Robots.txt, an important file

Robots.txt, an important file

What is Robots.txt?

On your site, you try, as much as possible, to ensure that your pages are indexed as well as possible by search engine spiders. But it can also happen that some of your pages are confidential, (or under construction) or in any case that your objective is not to distribute them widely on these engines. A site or a page under construction, for example, does not have to be the target of such aspiration. It is then necessary to prevent certain spiders from taking them into account.



This can be done using a text file, called robots.txt, present on your hosting, at the root of your site. This file will give indications to the engine spider who will want to crawl your site, on what he can or should not do on the site. As soon as the spider of an engine arrives on a site (for example https://monsite.info/), it will search for the document present at the address https://www.monsite.info/robots.txt before 'perform the slightest "document aspiration". If this file exists, it reads it and follows the indications given. If he does not find it, he begins his work of reading and recording the page he has come to visit as well as those which may be linked to it, considering that nothing is forbidden to him.


Structure

There should only be one robots.txt file on a site, and it should be at the site root level. The name of the file (robots.txt) must always be created in lowercase. The structure of a robots.txt file is as follows:


User-agent: *
Disallow: / cgi-bin /
Disallow: /time/
Disallow: / lost /
Disallow: /entravaux/
Disallow: /abonnes/prix.html

In this example:

  • User-agent: * means that access is granted to all agents (all spiders), whoever they are.
  • The robot will not explore the / cgi-bin /, / tempo /, / perso / and / entravaux / directories of the server nor the / subscribers/prix.html file.
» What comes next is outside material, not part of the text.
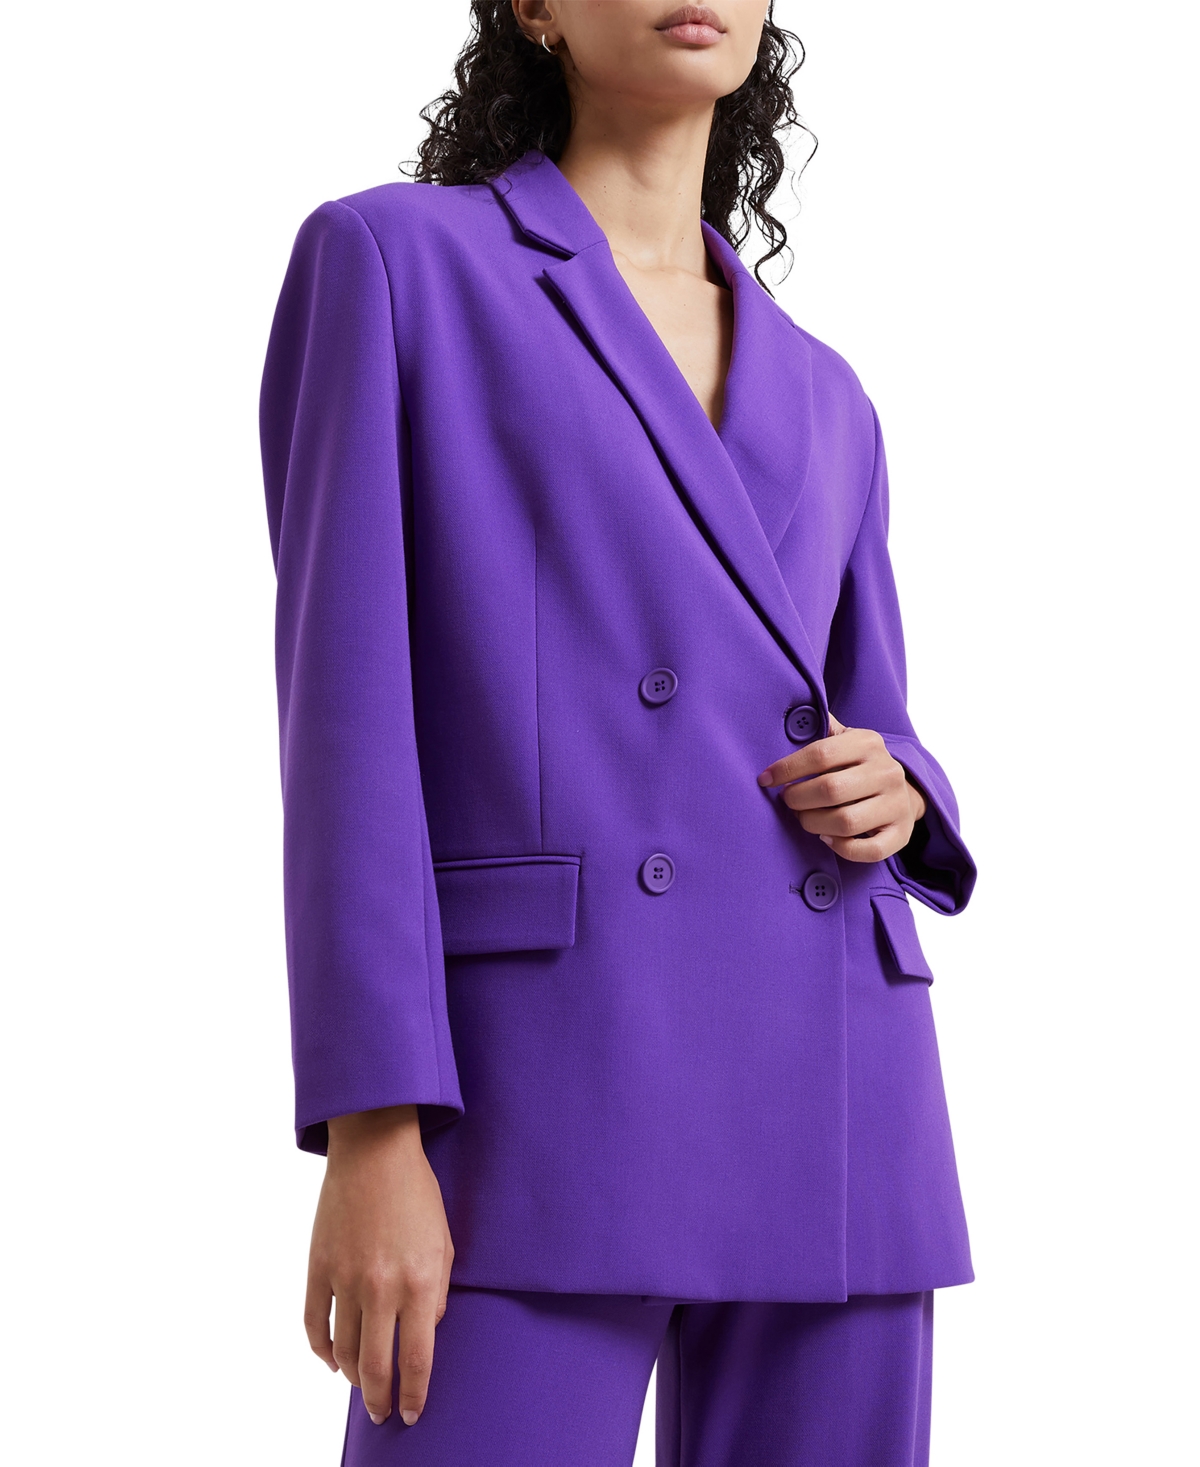 Women's Whisper Notched Collar Double-Breasted Blazer - Cobalt Violet

The / temp / directory, for example, corresponds to the address https://mysite.info/ Each directory to be excluded from spider aspiration must have a specific Disallow: line. The Disallow: command allows you to indicate that "everything that begins with" the specified expression must not be indexed.

So :
Disallow: / perso will not allow indexing of either https://monsite.info/ or https://monsite.info/

Disallow: / perso / will not index https://monsite.info/ but will not apply to the address https://monsite.info/

On the other hand, the robots.txt file must not contain blank (white) lines.
The star (*) is only accepted in the User-agent field.
It cannot be used as a wildcard (or as a truncation operator) as in the example: Disallow: / entravaux / *.
There is no field corresponding to the permission, of type Allow :.
Finally, the description field (User-agent, Disallow) can be entered either in lower case or in upper case.
Lines that begin with a "#" sign, ie anything to the right of this sign on a line, is considered a comment.
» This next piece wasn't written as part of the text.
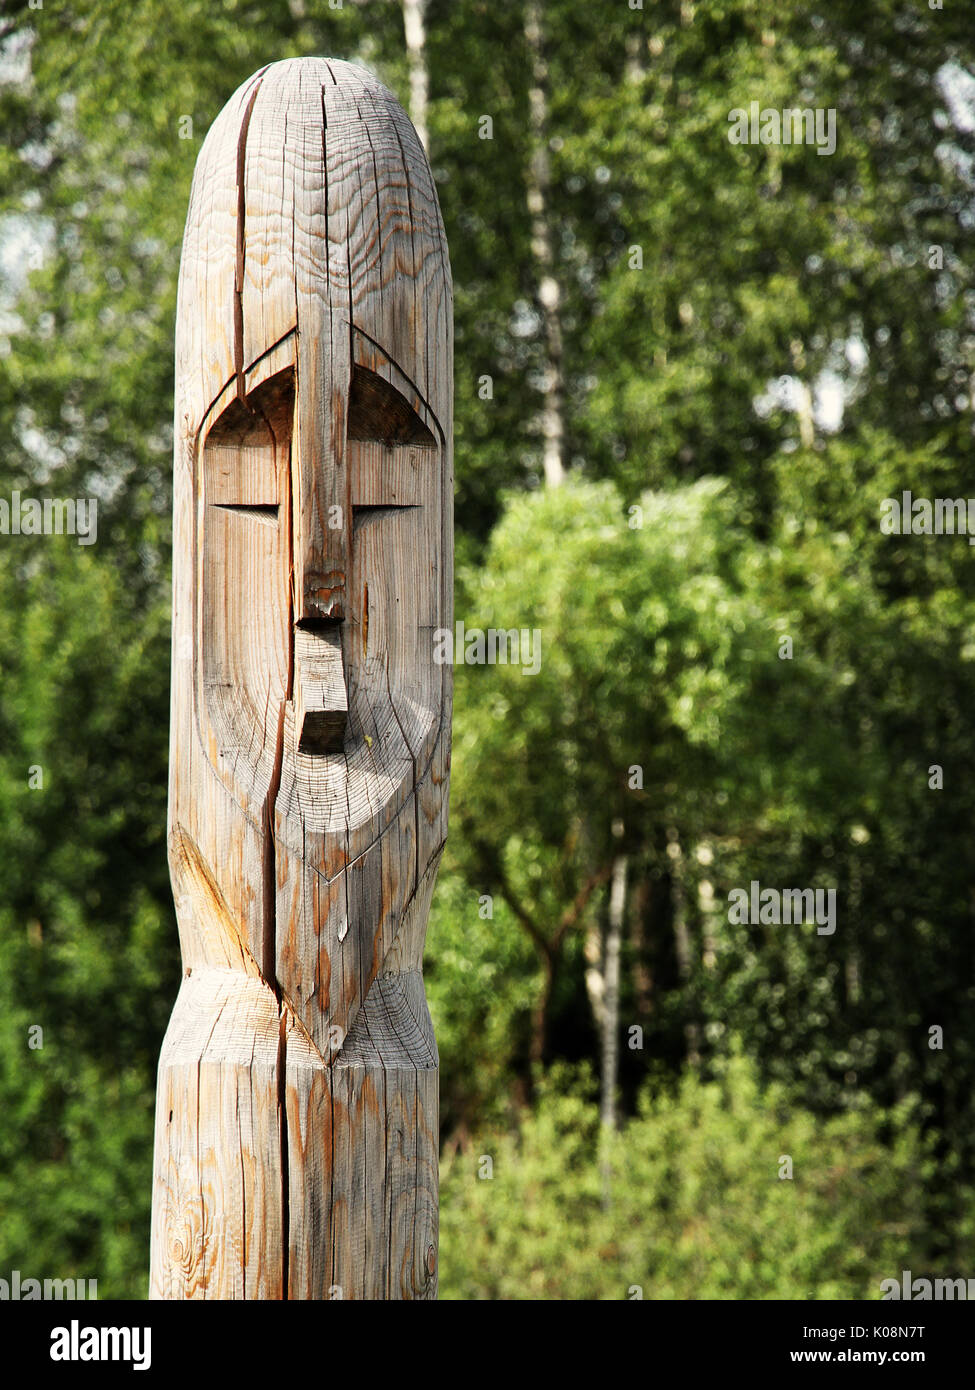 Wooden totem idol pole with a forest as a background Stock Photo - Alamy

Here are some very classic and important commands from the robots.txt file:

Disallow: / Used to exclude all pages from the server (no aspiration possible).
Disallow: Allows not to exclude any page from the server (no constraint).
An empty or nonexistent robots.txt file will have the same effect.
User-Agent: googlebot Used to identify a particular robot (here, that of google).
User-agent: googlebot
Disallow:
User-agent: *
Disallow: / Allows the google spider to suck everything up, but denies other bots.



Sitemap et robots.txt

To help Google, Yahoo or others, and especially the engines not giving an interface having the possibility of indicating to them the sitemap file of a site, one can add the indication in the file, using the following syntax:
Sitemap: https://monsite.info/
(more if several sitemap files ...)
for Google or Bing
or also:
Sitemap: https://monsite.info/
more specific to Yahoo ...

Robots.txt file generator

If you want to create a robots.txt file easily, simply, and be sure that it is valid, you can also use a robots.txt generator, like this one for example: robots.txt file generator

All explanations online

The reference site
or for more 'base' definitions:
in French on wikipedia

Also note this very recent indication found on the Net:

A user has just discovered that Google took into account a directive named "noindex" when it was inserted in the "robots.txt" file of a site, such as:

User-agent:Googlebot
Disallow:/perso/
Disallow:/entravaux/
Noindex:/clients/

While the "Disallow" directive tells robots to ignore the contents of a directory (no indexing, no link tracking), "Noindex" would be reduced to not indexing pages, but identifying the links they contain. An equivalent of the "Robots" meta tag which would contain the information "Noindex, Follow" in a way. Google would have indicated that this mention is currently being tested, that it is only supported by Google but that nothing says that it will be adopted in the end. To be used and tested with care therefore ...!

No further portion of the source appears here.